Welcome to the JuliaLang discourse @sam1988!

I’d recommend reading Please read: make it easier to help you for advice on how to format your code and ask questions in a way that makes it more likely for you to get high quality responses which are also useful to others in the future (thought it appears you’ve already got some good replies!).

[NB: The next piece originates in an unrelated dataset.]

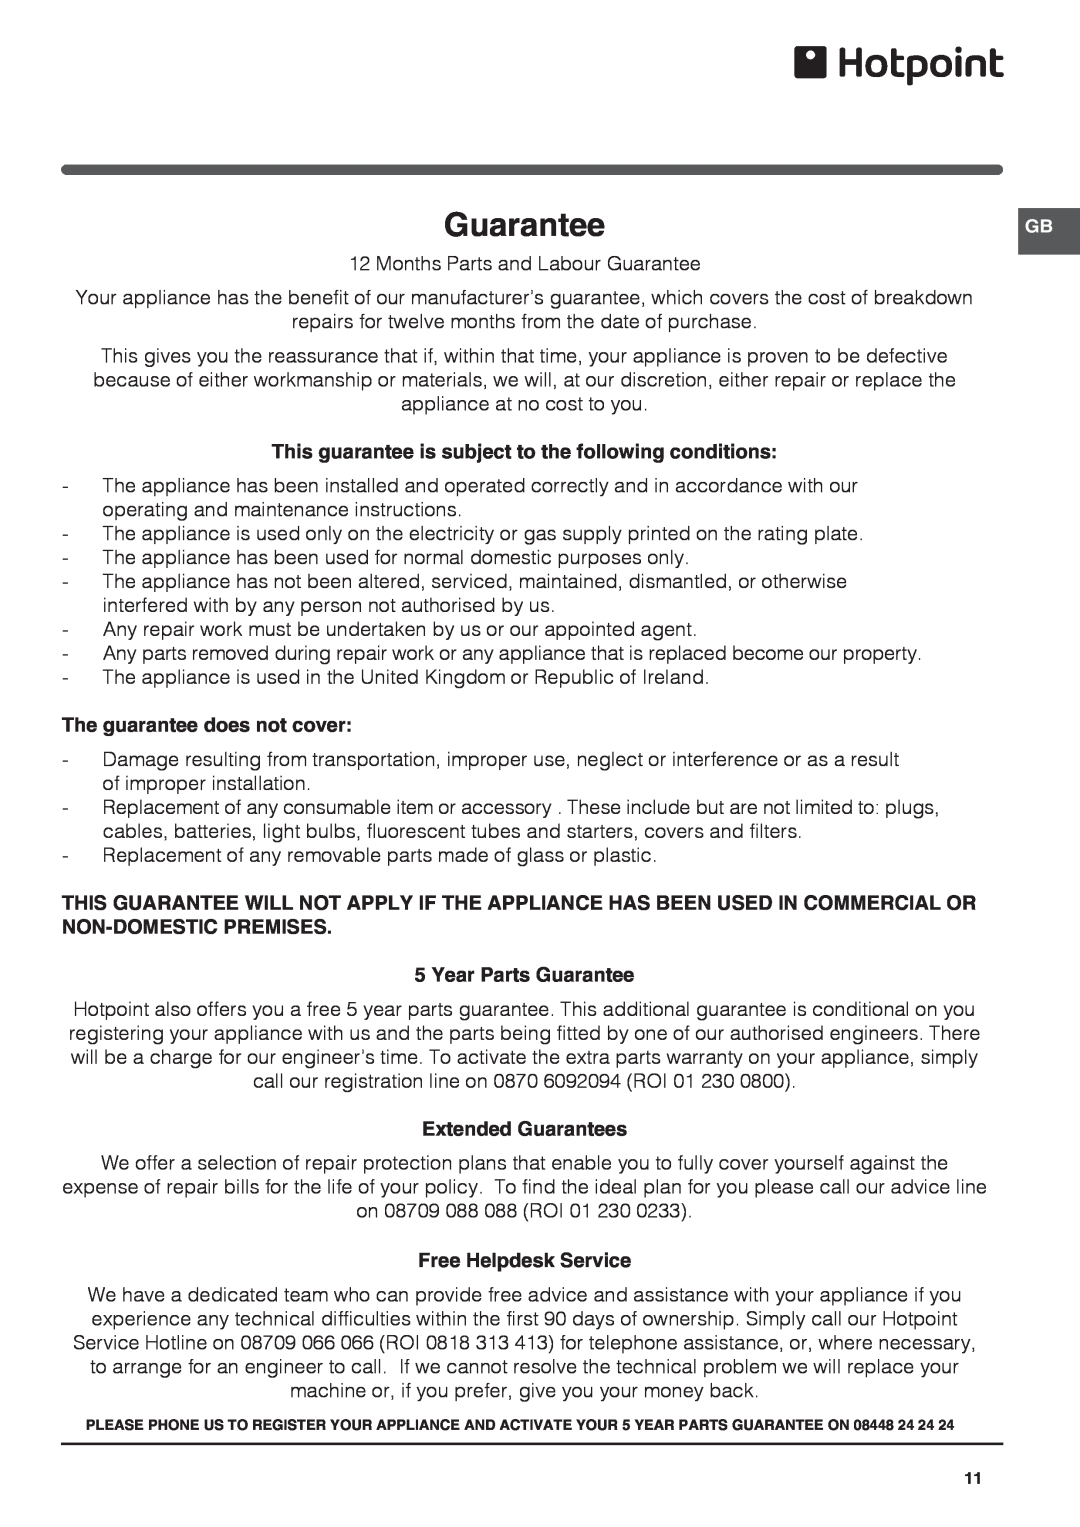 Hotpoint ffaa52k-1 manual Guarantee, This guarantee is subject to the following conditions, The guarantee does not cover

Furthermore, when benchmarking your code, using @time can be very misleading. In the example you gave, @time mean_loop(rand(10^6),rand(10^6)) will include the time it takes to compile the function mean_loop and the time it takes to create the arrays rand(10^6) and rand(10^6), so most of the time you’re measuring is not actually code relevant to mean_loop. Instead, I would use the @btime macro from BenchmarkTools.jl to properly measure performance like this:

using BenchmarkTools
@btime mean_loop($(rand(10^6)), $(rand(10^6)))

The @btime macro will not include compile time in it’s benchmarks, and it runs the benchmarking function many times so it can give statistically significant results). When I write $(rand(10^6)) inside @btime, that means that I am actually precomputing the array rand(10^6) and pasting the value in as a constant to the function before the benchmark loop is run.

1 Like

I guess there’s some kind of overhead to the nested loop generator. Splitting it into two generators seems faster.

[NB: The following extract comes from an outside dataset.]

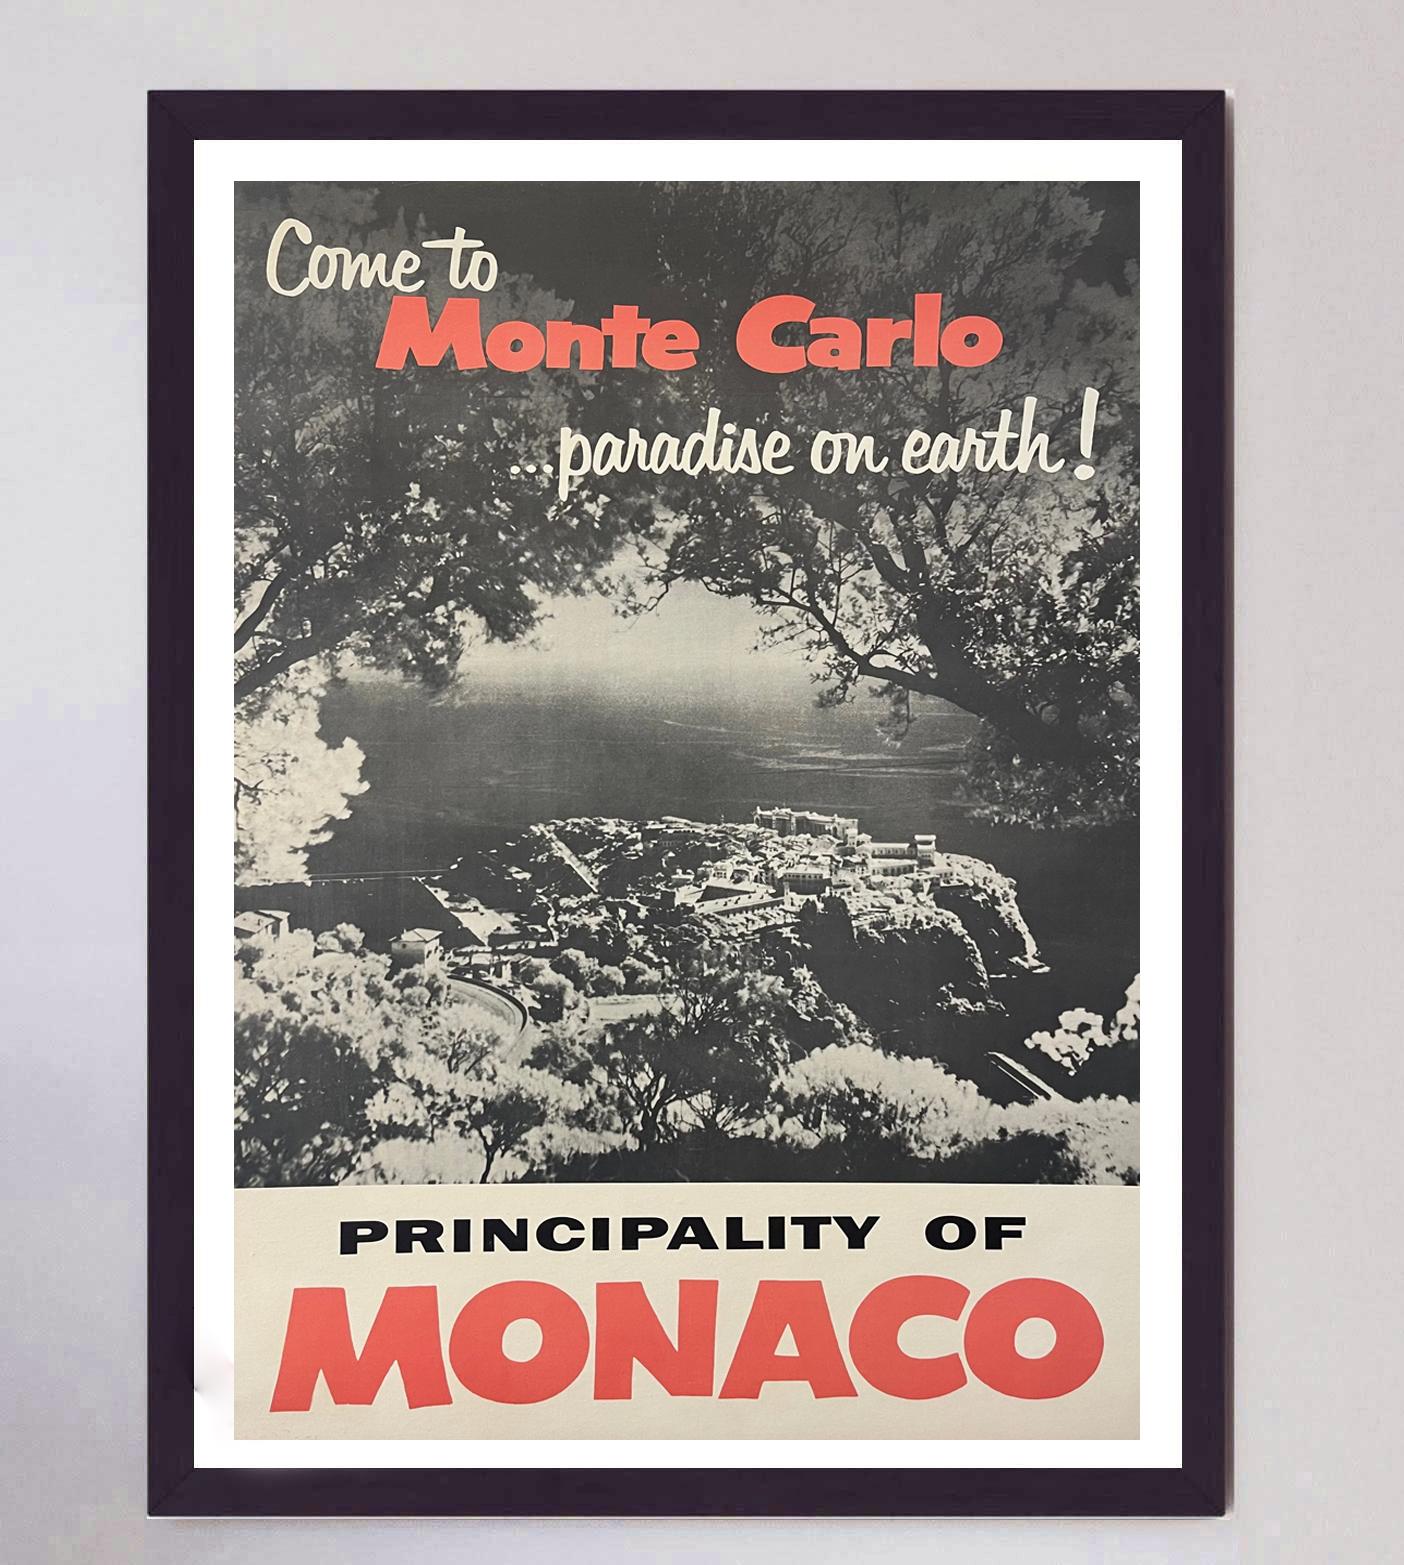 Absolutely stunning poster promoting the area of Monte-Carlo in Monaco from 1955. This mid-century piece has timeless class with a monochrome photograph of the coastal region with the text

mean_iter2(p, q) = sum(sum(p1 > q1 for p1 in p) for q1 in q) / length(p)

You can go a bit faster with integer arithmetic:

function mean_loop_int(p::AbstractArray, q::AbstractArray)
    z = 0
    for x in q
        z += count(>(x), p)
    end
    return z / length(p) 
end
julia> x = rand(10^4);

julia> y = rand(10^4);

julia> @btime mean_loop($x, $y)
  19.034 ms (0 allocations: 0 bytes)
4968.276699999993

julia> @btime mean_loop_int($x, $y)
  15.797 ms (0 allocations: 0 bytes)
4968.2767

But if you change the algorithm, you can get significant speedups:

function mean_sorted(p, q)
    ps = sort(p)
    Lq = length(q)
    z = 0
    for x in q
        ind = searchsortedfirst(ps, x)
        z += Lq - ind + 1
    end
    return z / length(p)
end
julia> @btime mean_sorted($x, $y)
  1.512 ms (2 allocations: 78.20 KiB)
4968.2767

Possibly, it can be even faster if we sort both arrays and search for the next larger at each iteration, but I couldn’t immediately find a searchsortednext function.

This also scales well for longer vectors. For 10^6 length I get:

julia> @btime mean_sorted(x, y) setup=(x=rand(10^6); y=rand(10^6))
  395.748 ms (2 allocations: 7.63 MiB)
500344.792228

That is, N \log N complexity, rather than N^2.

1 Like

How about using view?

Yeah, I guess.